Here is a minimal example of the data arrangement (bearing in mind there are actually 190 countries and 9282 observations in the real data):
country <- c("Austria","Austria","Austria","Austria","Austria",
"Belgium","Belgium","Belgium","Belgium","Belgium")
year <- c("1999","2000","2001","2002","2003",
"1999","2000","2001","2002","2003")
a1 <- c(5,4,NA,4,3,6,2,9,NA,7)
a2 <- c(45,53,57,51,33,37,12,48,55,41)
b1 <- c(NA,"A",NA,NA,NA,NA,NA,"B",NA,"C")
b2 <- c(NA,7,NA,NA,NA,NA,NA,5,NA,7)
df <- data.frame(country,year,a1,a2,b1,b2)

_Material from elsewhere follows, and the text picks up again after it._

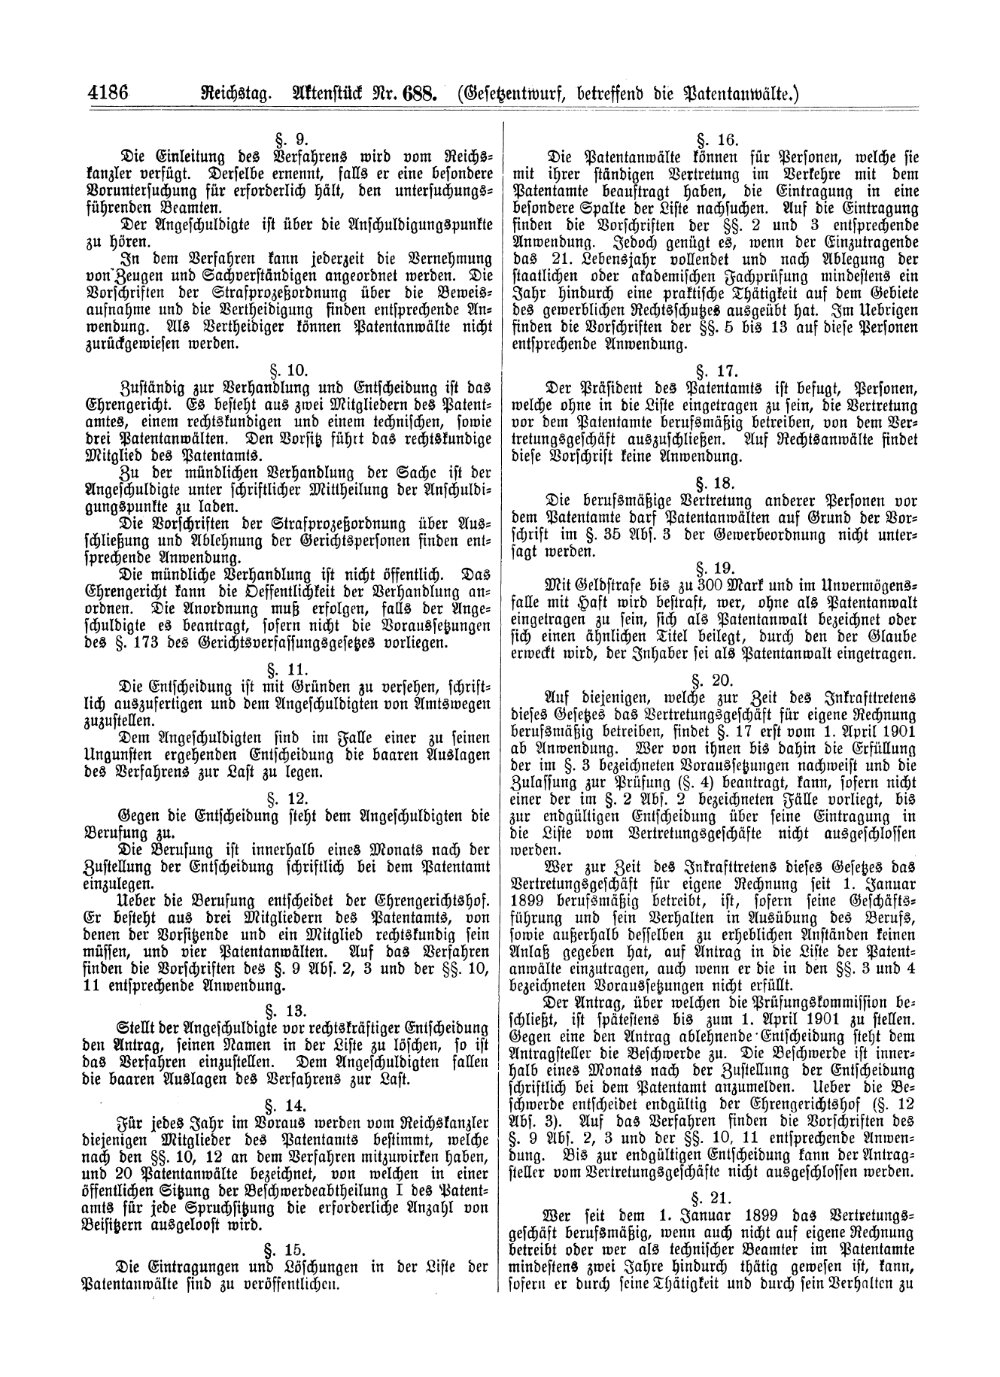 Scan of page 4186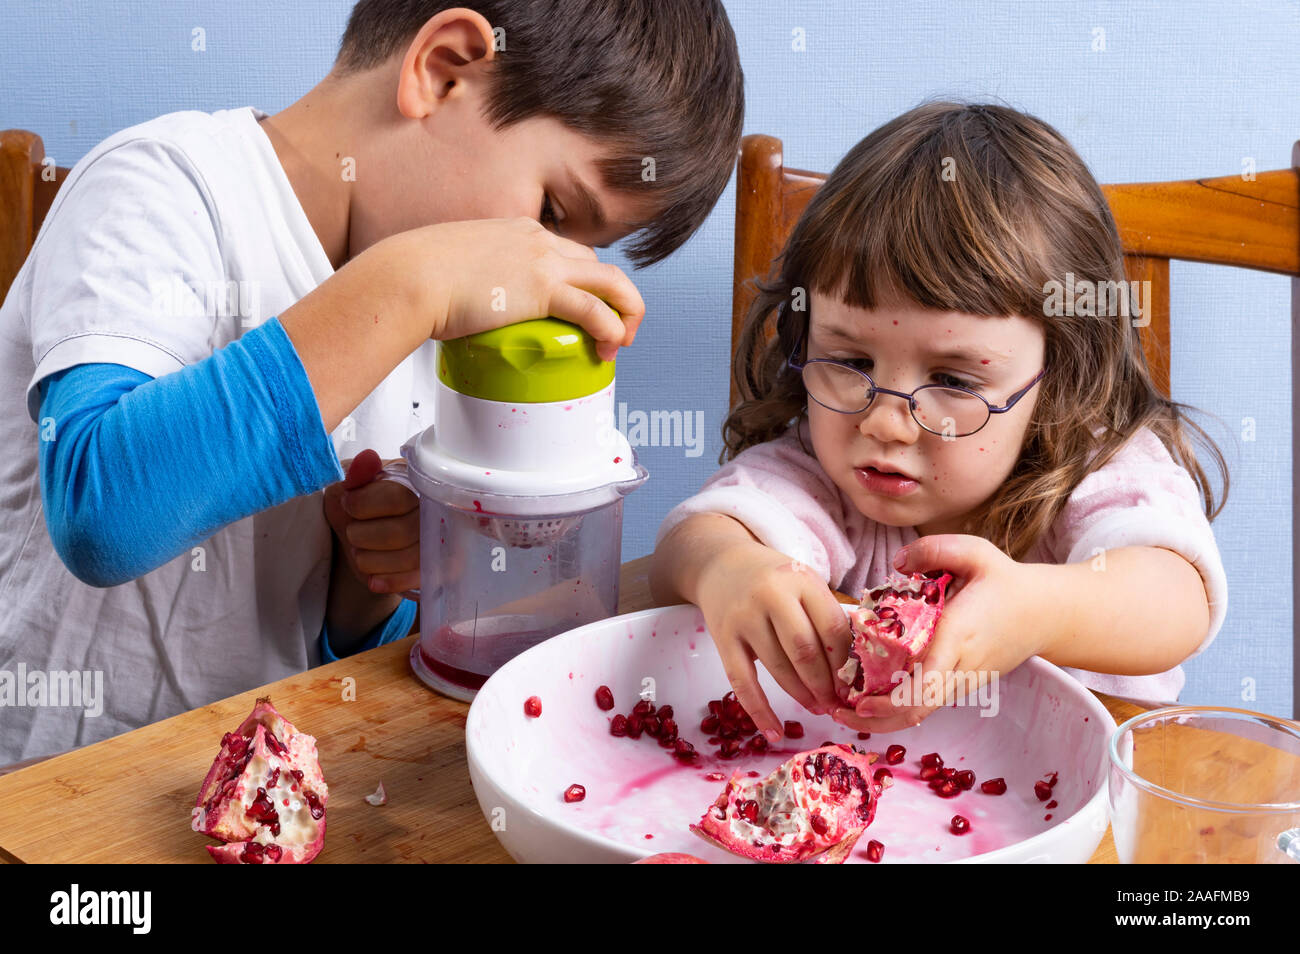 Young boy and girl siblings squeeze pomegranate juice, making a mess. Face and clothes dirty with red spots. Healthy food concept. Stock Photo

country | year | a1 | a2 | b1 | b2 |
---|---|---|---|---|---|
Austria | 1999 | 5 | 45 | NA | NA |
Austria | 2000 | 4 | 53 | A | 7 |
Austria | 2001 | NA | 57 | NA | NA |
Austria | 2002 | 4 | 51 | NA | NA |
Austria | 2003 | 3 | 33 | NA | NA |
Belgium | 1999 | 6 | 37 | NA | NA |
Belgium | 2000 | 2 | 12 | NA | NA |
Belgium | 2001 | 9 | 48 | B | 5 |
Belgium | 2002 | NA | 55 | NA | NA |
Belgium | 2003 | 7 | 41 | C | 7 |
Here is what I want to produce:
country | year | a1 | a2 | b1 | b2 |
---|---|---|---|---|---|
Austria | 1999 | 5 | 45 | NA | NA |
Austria | 2000 | 4 | 53 | A | 7 |
Austria | 2001 | NA | 57 | A | 7 |
Austria | 2002 | 4 | 51 | A | 7 |
Austria | 2003 | 3 | 33 | A | 7 |
Belgium | 1999 | 6 | 37 | NA | NA |
Belgium | 2000 | 2 | 12 | NA | NA |
Belgium | 2001 | 9 | 48 | B | 5 |
Belgium | 2002 | NA | 55 | B | 5 |
Belgium | 2003 | 7 | 41 | C | 7 |
Simply using tidy::fill will result, in the example, in incorrect values for Belgium for 1999 and 2000, as it will fill in the values from Austria.